Anyone who has been through a severe depression knows how difficult it is to get out of bed to face the day. We may ask ourselves, “why bother when life seems so hard?” This question was asked by the great psychiatrist Victor Frank, during his imprisonment in the notorious Nazi concentration camp Auschwitz during World War II. Frankl wondered what it would take for people to survive the inhuman conditions of the camps. What he discovered truly surprised him, for he observed that those who survived the hell of the camps were not the strongest, the youngest or the healthiest individuals. They were those prisoners who had a REASON for staying alive--some purpose or mission that they hoped to accomplish after the war, or some loved one that were waiting to be reunited with. This allowed them to endure the harshness and brutality of the camps until they gained their freedom.

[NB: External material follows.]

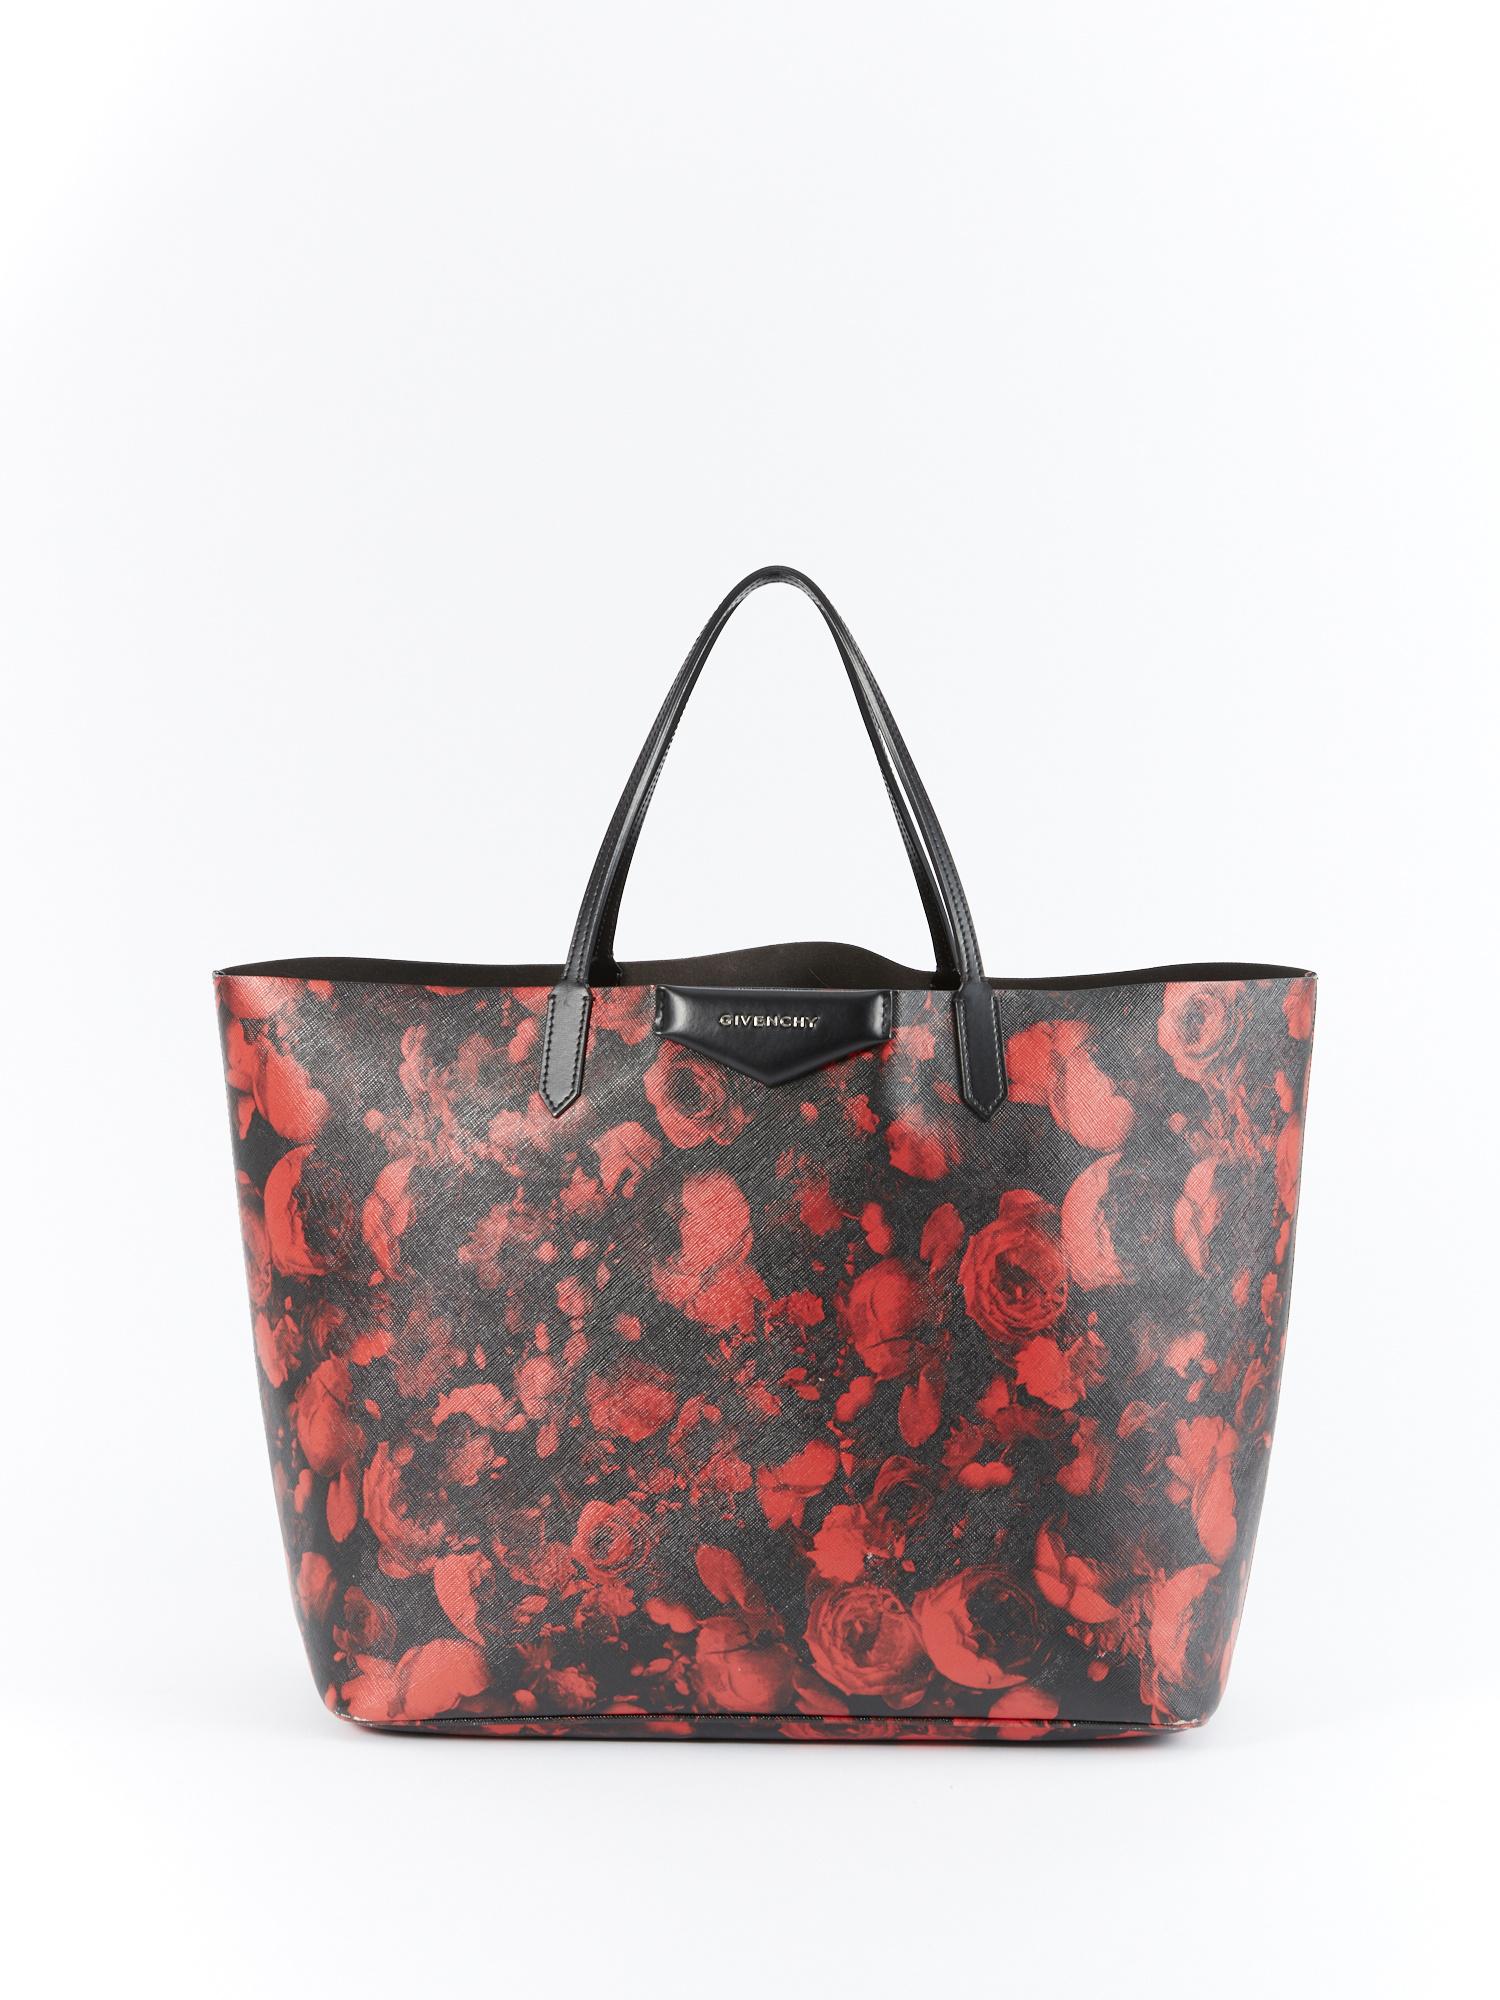 Givenchy Antigona Tote Bag Ruse

After the war, Frankl realized that the need for purpose and meaning was not just applicable to prisoners of war; it was a universal human need. In his role as a psychiatrist, Frankl discovered that many types of mental illness, including depression, improved when a person found a worthwhile purpose upon which to base his life. Conversely, he saw many people succumb to depression when they felt they had "nothing to live for."

Thus, I tell my clients to see if they can find ways to bring purpose and meaning into their lives. This could involve caring for one’s children, pursuing a creative or artistic vision, working for an important cause such as environmental preservation or social justice, being on a spiritual path, or simply being a model of mental health recovery for other people.

Here are some questions that you can ask yourself in order to find your purpose and meaning in your life:

  • What in my life do I care about or feel passionate about?
  • When I awake in the morning, do I have a reason to get out of bed? If so, what is it?
  • What are my unique talents and how can I offer them to the world?"

Then listen closely to the stirrings of your heart and write down what comes to you. You may also want to ask those closest to you to give you their feedback, for often others can see us better than we can see ourselves.

Having meaning in your life will not eliminate all your symptoms of depression. But it will give you periods of time when you can transcend your condition by focusing your mind and heart on something greater than yourself. This will make life worth living enough so that you can hang in there until your symptoms ease and you are lifted out of the darkness and back into the light.